Google had filed the processing made for the purpose of “Google Street View” with the CNIL, but had not specified that it would be also be collecting technical data. After the issue of the formal notice by the CNIL, Google amended is existing filing, and so the CNIL did not use this infringement as the basis for sanction.
(ii) “Google Latitude” and the issue of using means of processing located in France
Google did not make any filing in relation to “Google Latitude” with the CNIL. It argued that this complies witharticle 5-I-2° of the French data protection law, under which personal data processing carried out by a data controller based outside France is not subject to French law unless the data controller “uses means of processing located on French territory”. Google claimed that since it was based in the US and did not use any processing means located in France, French law would not apply.
The CNIL held that:
• Google has a subsidiary established in France, Google France SARL; and furthermore
• the processing means have been and are used in French territory, i.e.:
– The “Google Cars” used to set up the initial database; and
– The users’ phones themselves since they are used for the purposes of geolocation.
Therefore, the CNIL sanctionned Google for breach of its obligation to file its personal data processing for “Google Latitude”.
4. Failure to carry out the data processing fairly and lawfully
The CNIL held that since it was carried out without the knowledge of the data subjects, the collection of data using the “Google Cars” or the mobile phones of “Google Latitude” users was carried out unfairly and therefore in breach of article 6.1° of the French data protection law.
Google tried to defend itself based on article 32.III of the French data protection law, which provides an exception to the requirement to inform the data subejcts where such notification proves impossible or would involve disproportionate efforts compared with the interest of the processing itself. Individual notifications to MAC address-holders and Wi-Fi users would be impossible to carry out, since the company had no direct link with these people.
However, the CNIL held that, if it was effectively impossible to make individual notifications, Google should have made information available more globally, whether in the local press or by putting information online on a “.fr” website, so that the public would have the opportunity to object to the use of their personal data. As a result, Google was in breach of the law.
5. Failure to provide information to the CNIL
Giving a wide interpretation to its right to have access to “any document necessary in order to fulfil its task, in whatever medium”, the CNIL has sanctionned Google’s failure to provide it with the source codes of its new data-collection software.

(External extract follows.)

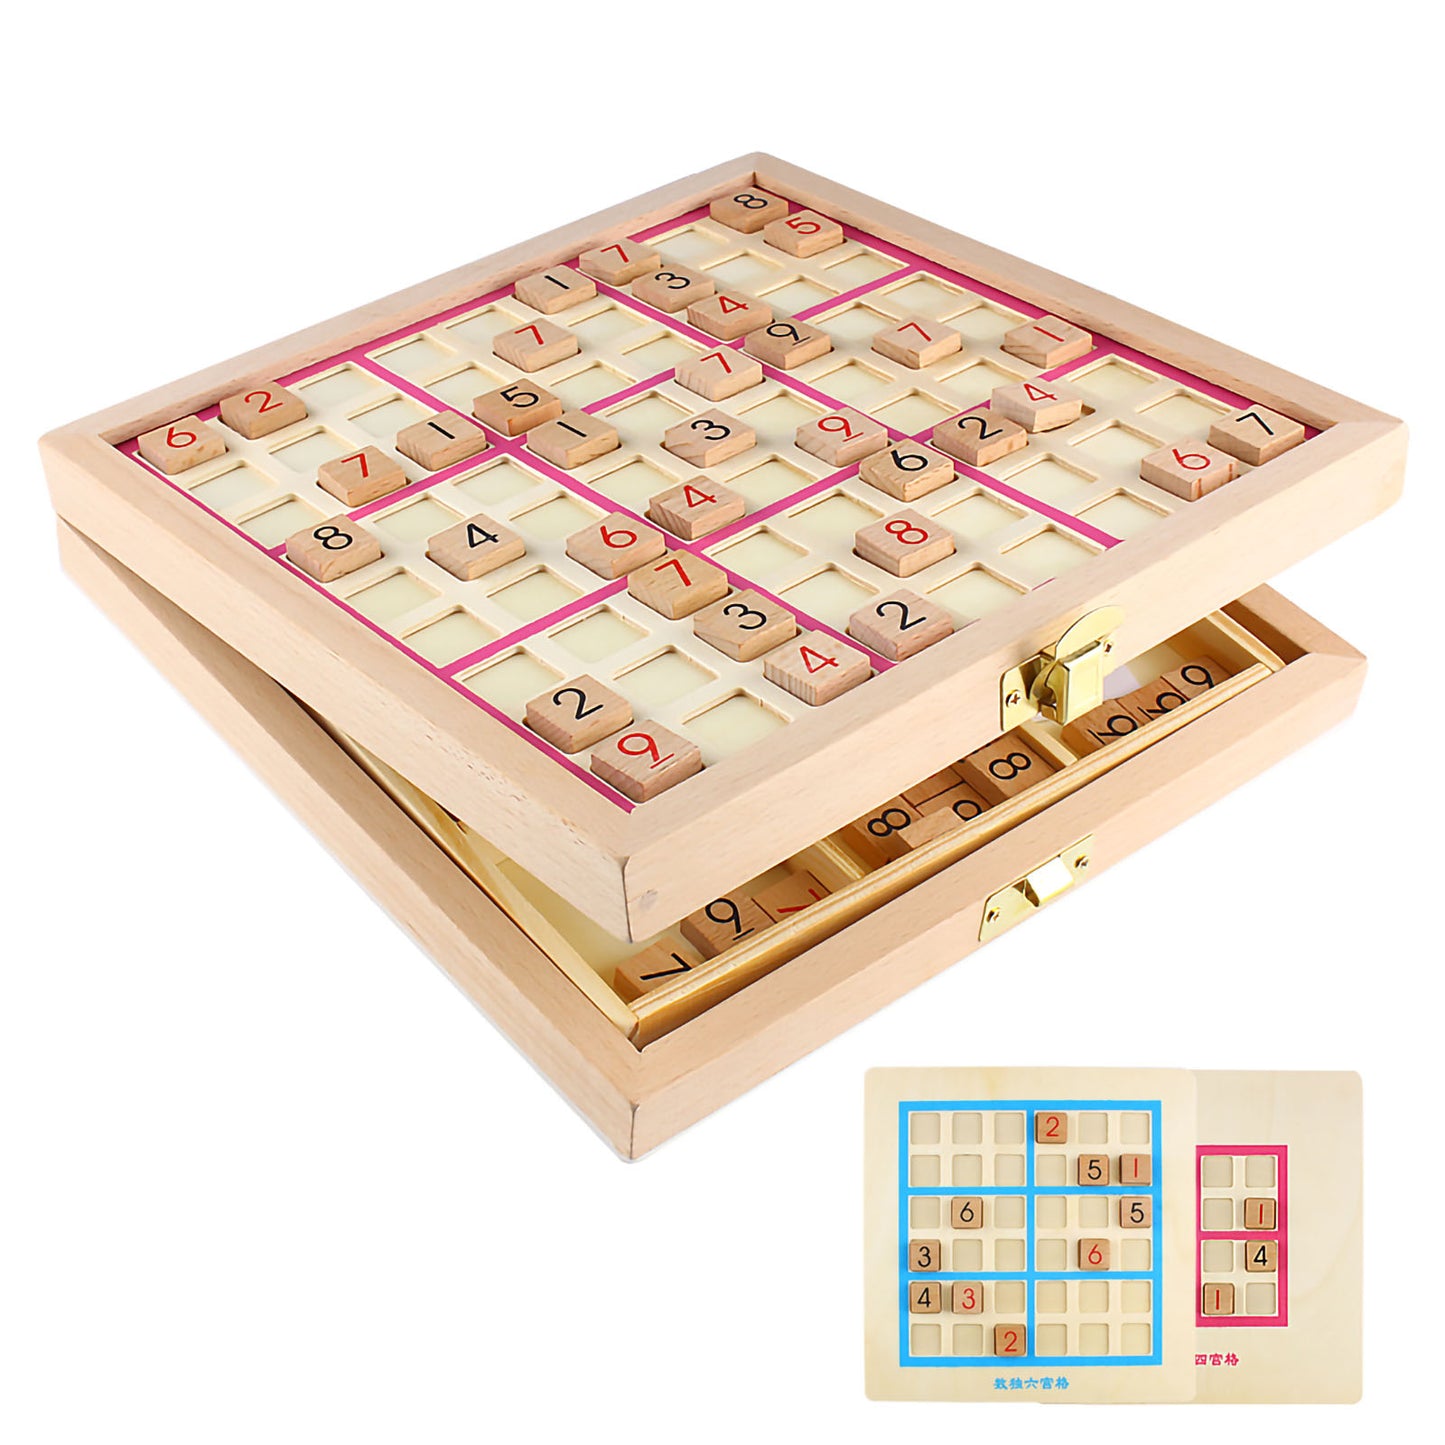 Andux Sudoku Board Box 3-in-1 Toy SD-03 (Pink)
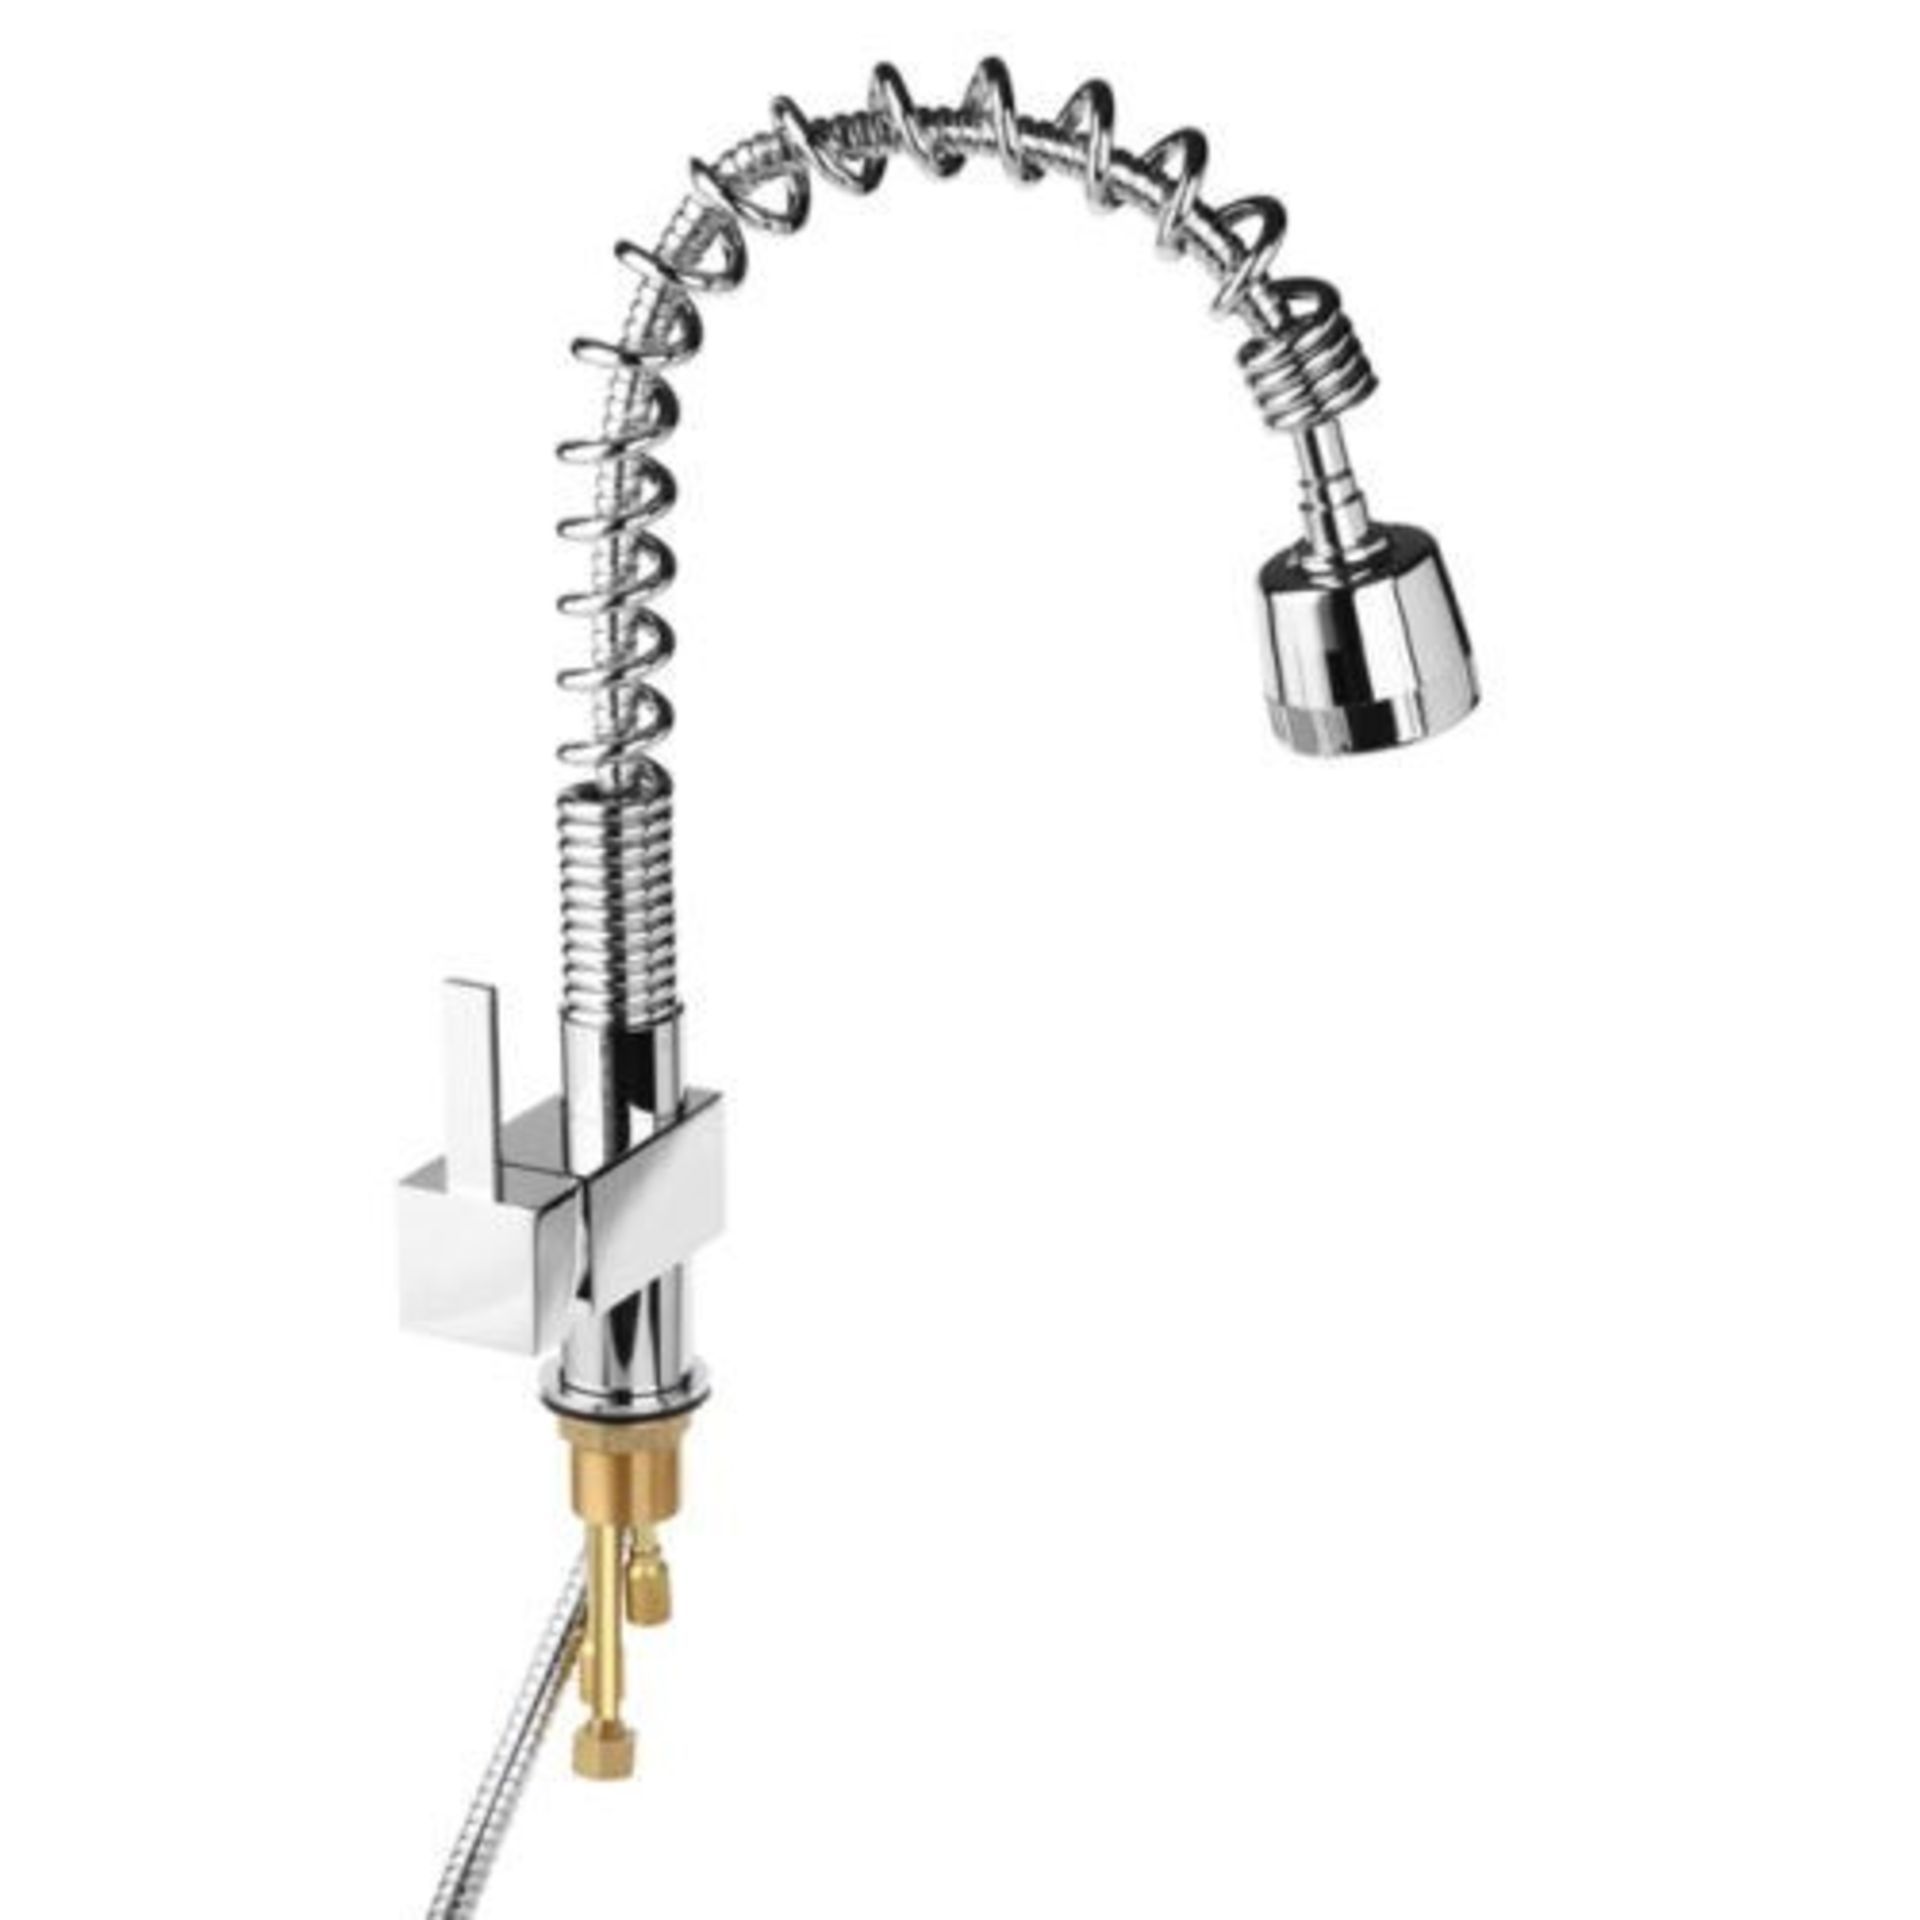 NEW & BOXED Maddie Brushed Chrome Monobloc Kitchen Tap Swivel Pull Out Spray Mixer. RRP £219.99. - Image 2 of 2

6. Benefits gained from these breaches
The CNIL found that the data collected for “Google Latitude” obtained in breach of the law, gave Google an unquestionable advantage over its competitors, enabling it to offer a high-performance geolocation service. This service, which carries a high level of Internet traffic, could generate significant revenue from advertising, which represents the majority of Google’s turnover.
In its decision of 17 March 2011, the CNIL therefore:
• ordered Google to pay a fine of €100,000; and
• having regard to the seriousness of the breaches and the need to create awareness of the data subjects, ordered that not only the sanction, but also the decision, should be published in their entirety both on the CNIL’s website and on the Légifrance website (the public database of French law). However, since there was no bad faith on Google’s part, the decision was not to be published by the press.
Google has two months to appeal to the Supreme Court (Conseil d’Etat).